There are four major causes of the road congestion in the contemporary road traffic [1, 2]: (i) poor planning of transport routes, (ii) existence of bottlenecks, (iii) lack of the adaptation of existing infrastructure to the current traffic load, (iv) accidents.

The last of these reasons is mostly associated with the lack of awareness of drivers and their tendency to omit some inconvenient traffic regulations. Similarly as in the case of speed control systems, which force the driving at a safe speed, solutions for automatic critical behaviour detection should enforce the appropriate driving thus reducing the number of potential accidents. Such problem of the analysis and identification of vehicles motion patterns is referred in the literature as Vehicle Behaviour Analysis [3].

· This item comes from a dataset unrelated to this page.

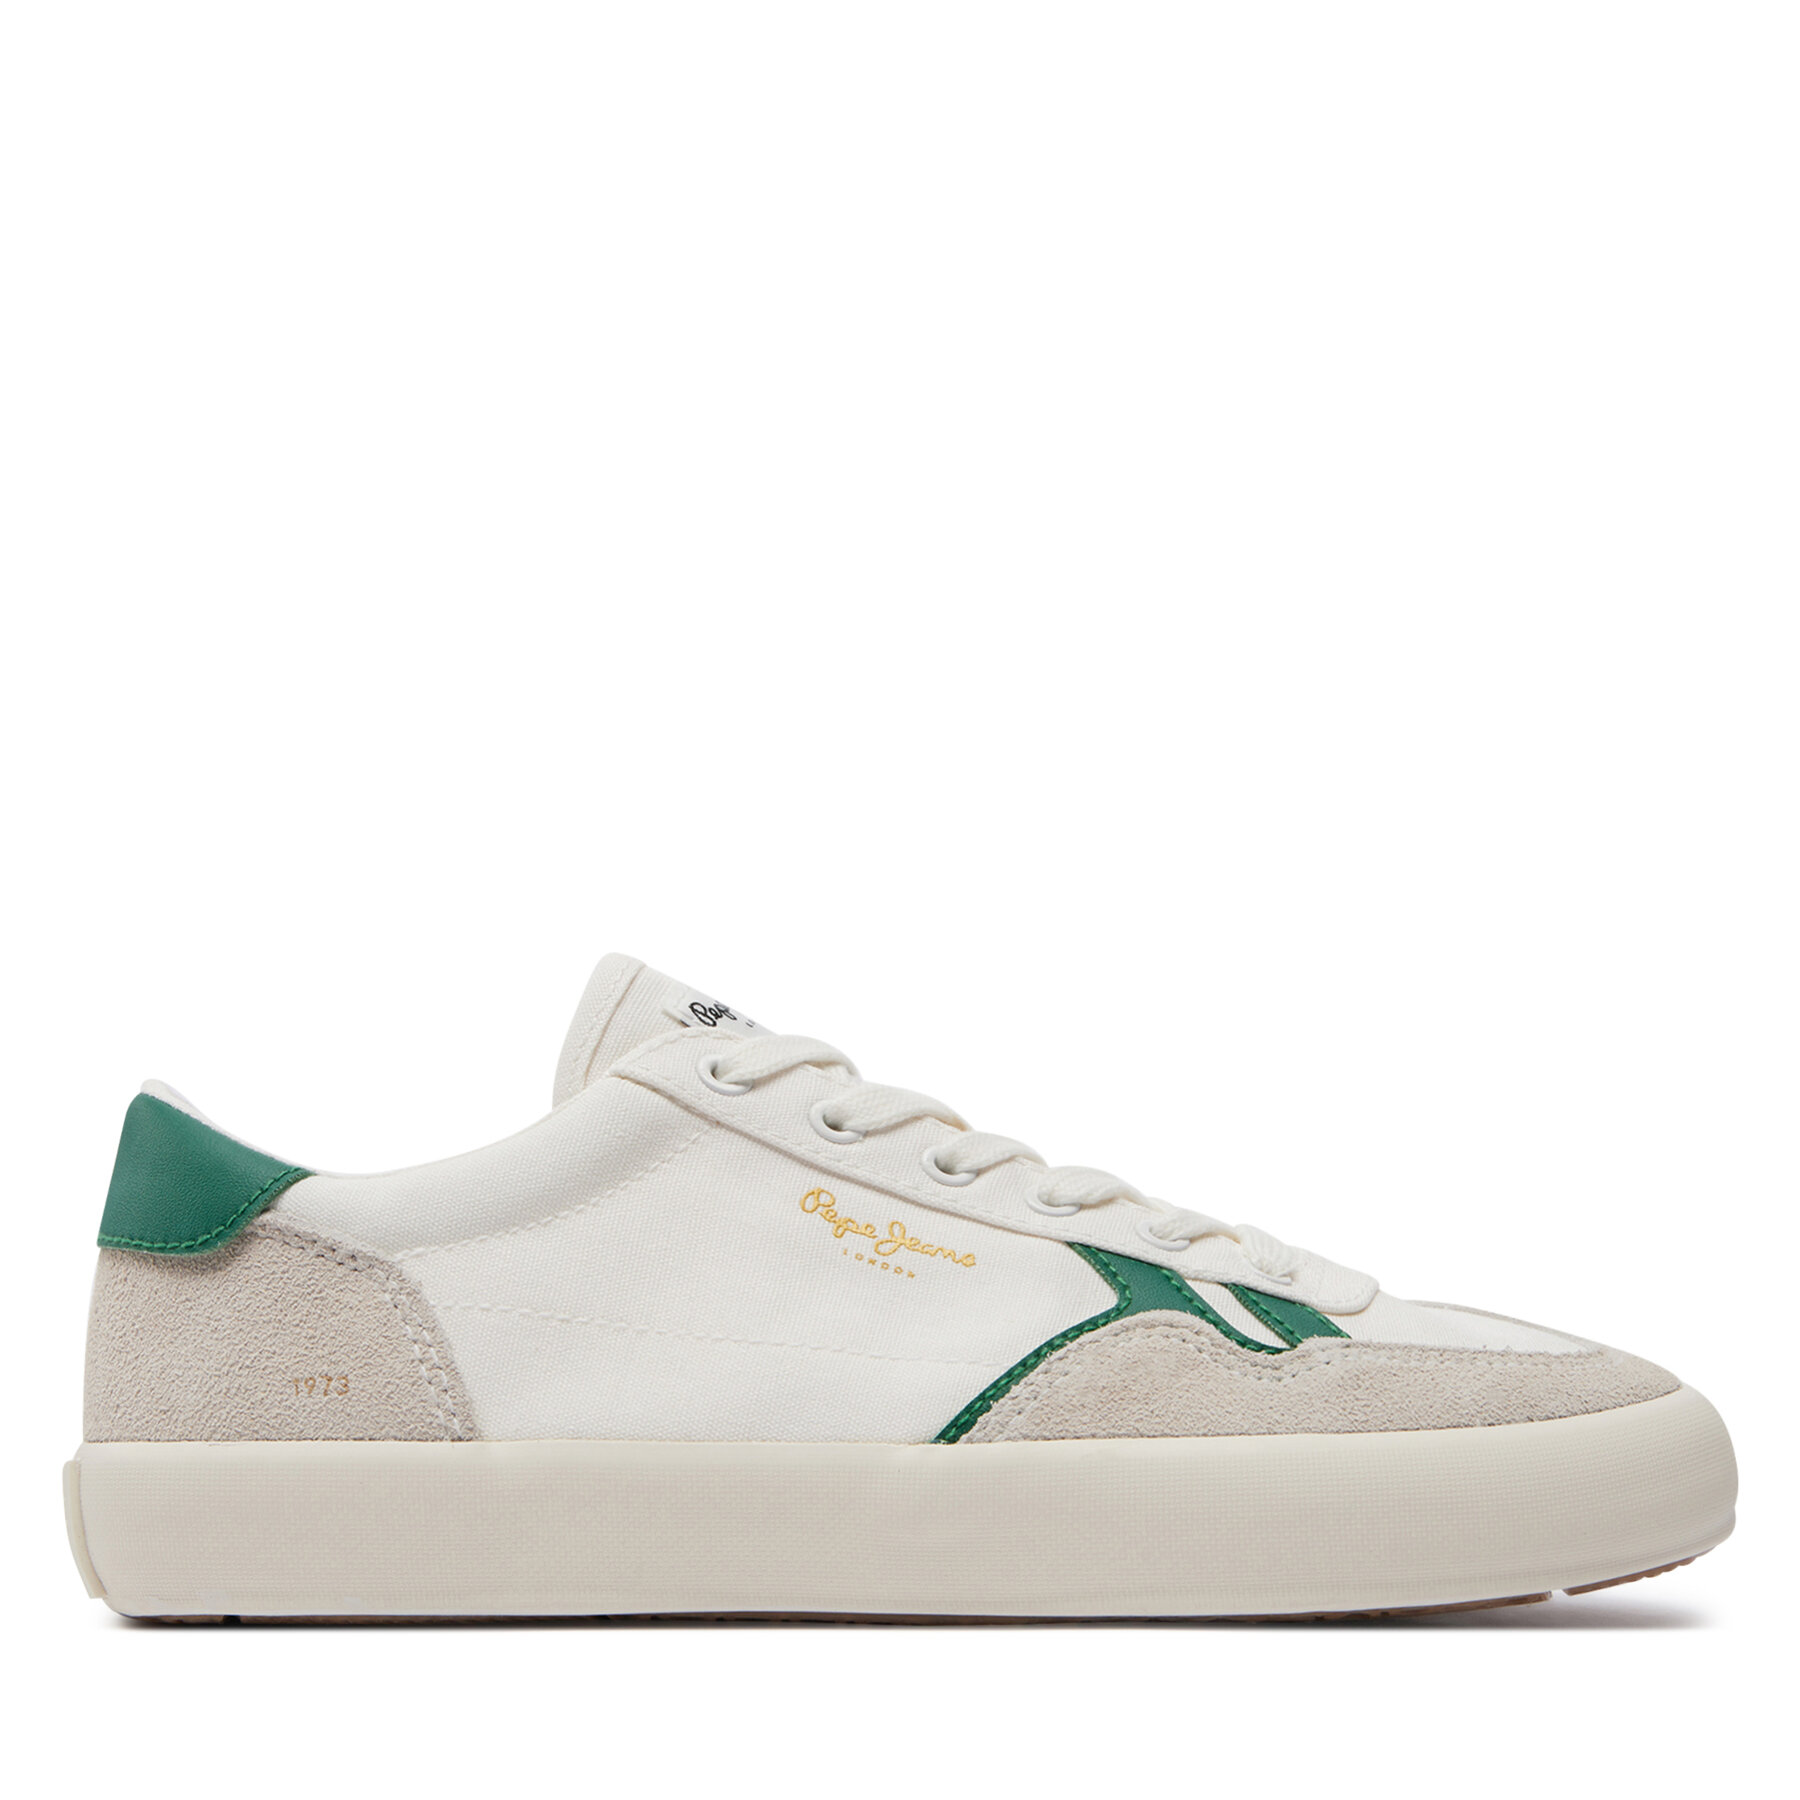 Sneakers Pepe Jeans Travis Brit M PMS31038 Off White 803 von Pepe Jeans

Illegal movements of vehicles can be detected using vision-based techniques applied to video sequences captured by road cameras. The main advantage of using computer vision techniques is their non-intrusive application not requiring the installation of the sensors directly onto or into the road surface [2]. Such system is also capable of the immediate (real-time) automatic response and alerting in case of the occurrence of an unfortunate accident.

The image-based techniques have already been utilized for variety of tasks in Intelligent Transportation Systems (ITS) providing complete traffic flow information for the situations related to [3]: traffic management [4], public transportation, information service, surveillance, security and logistics management. The tasks successfully implemented with vision-based techniques include [2]: reading vehicle registration plates (ALPR - Automatic License Plate Recognition), vehicle counting, congestion calculation, traffic jam detection, lane occupancy readings, road accident detection, traffic light control, comprehensive statistics calculation, etc. Computer vision techniques are also increasingly willing utilized by driver assistant systems (ADAS - Advanced Driver Assistance Systems). Many vehicles are equipped with on board cameras which form the basis for systems such as [5, 6]: TSR - Traffic Sign Recognition, CAV - Collision Avoidance (by pedestrians or surrounding vehicles detection and tracking), LDW - Lane Departure Warning (adaptive cruise control), and driver fatigue detection.

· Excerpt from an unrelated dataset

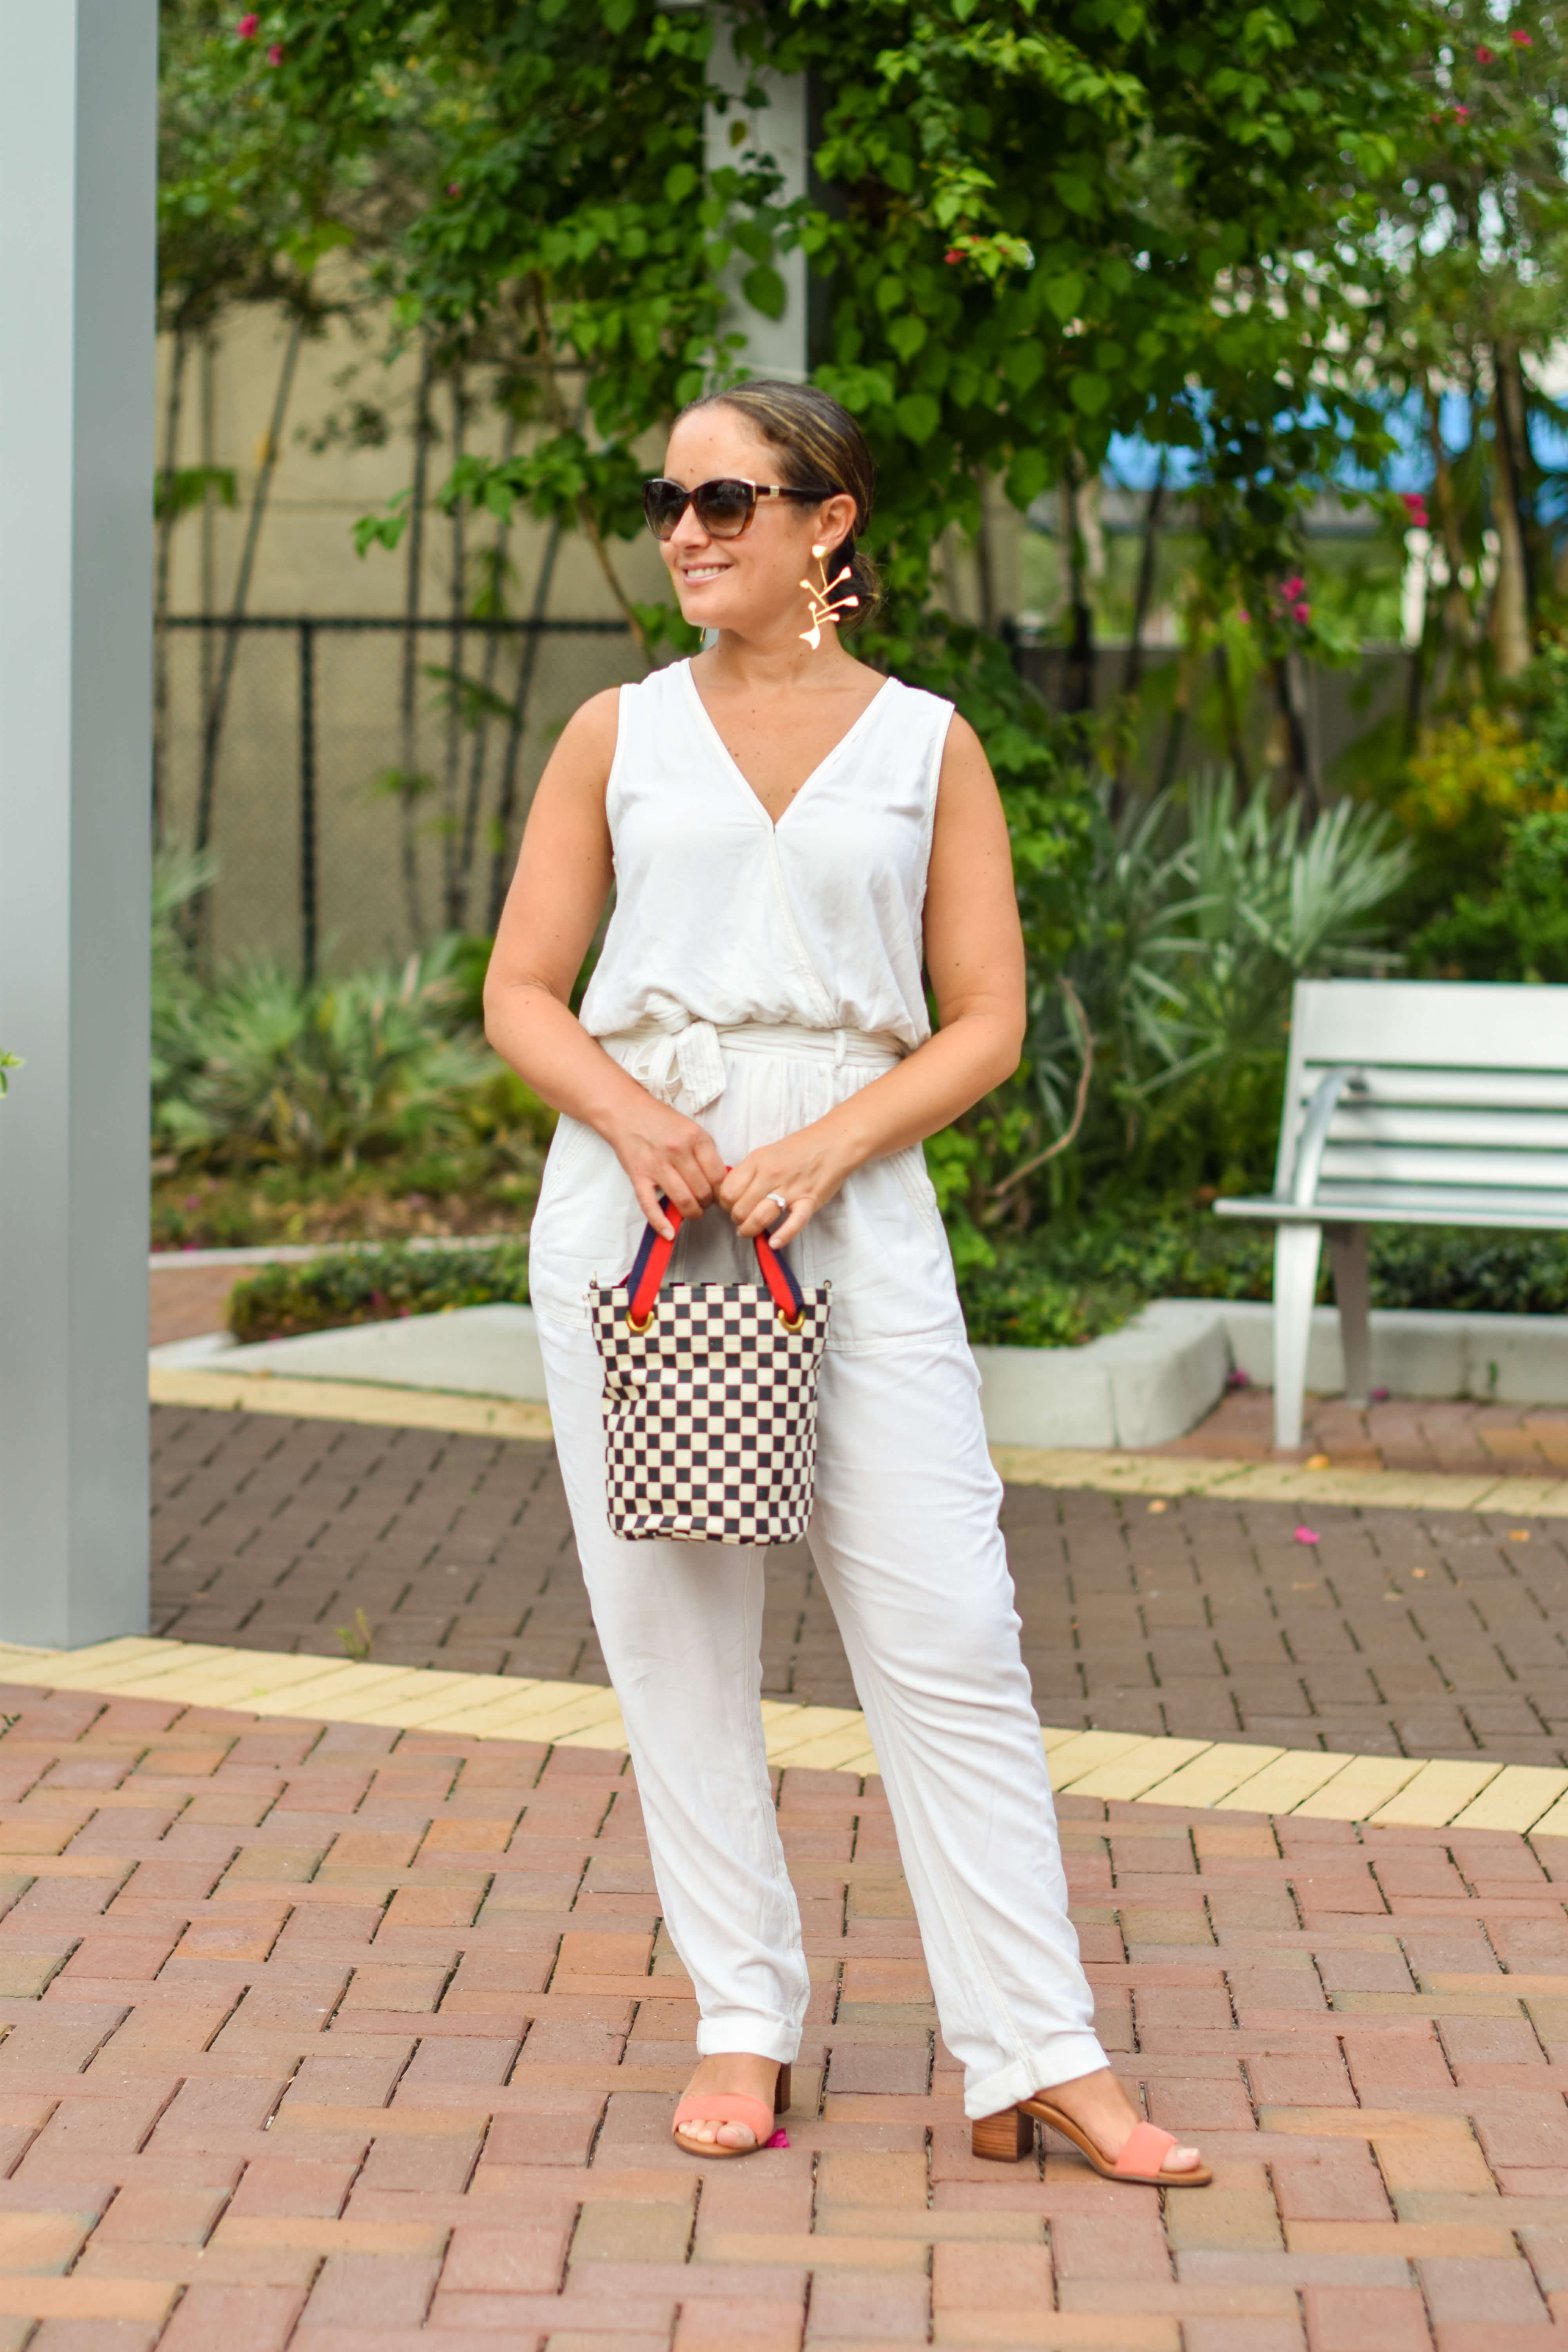 Splendid Jumpsuit Vionic Shoes Tory Burch Earrings Clare V Bag Outfit by Modnitsa Styling

The main drawback of vision-based solutions is susceptibility to poor visibility conditions and occlusions [7]. Researchers, however, actively respond to the challenge and propose solutions that deal with those difficulties (e.g. occluded traffic signs recognition [8], behaviour analysis in multi-view environment [10]). In the paper we focus on the extension of our previous work on the automatic analysis of vehicle behaviour (presented in [2]) with the emphasis on poor visibility conditions and occlusions. The main contribution of the paper is a novel approach to the vehicle trajectory analysis on data aggregated from multiple views.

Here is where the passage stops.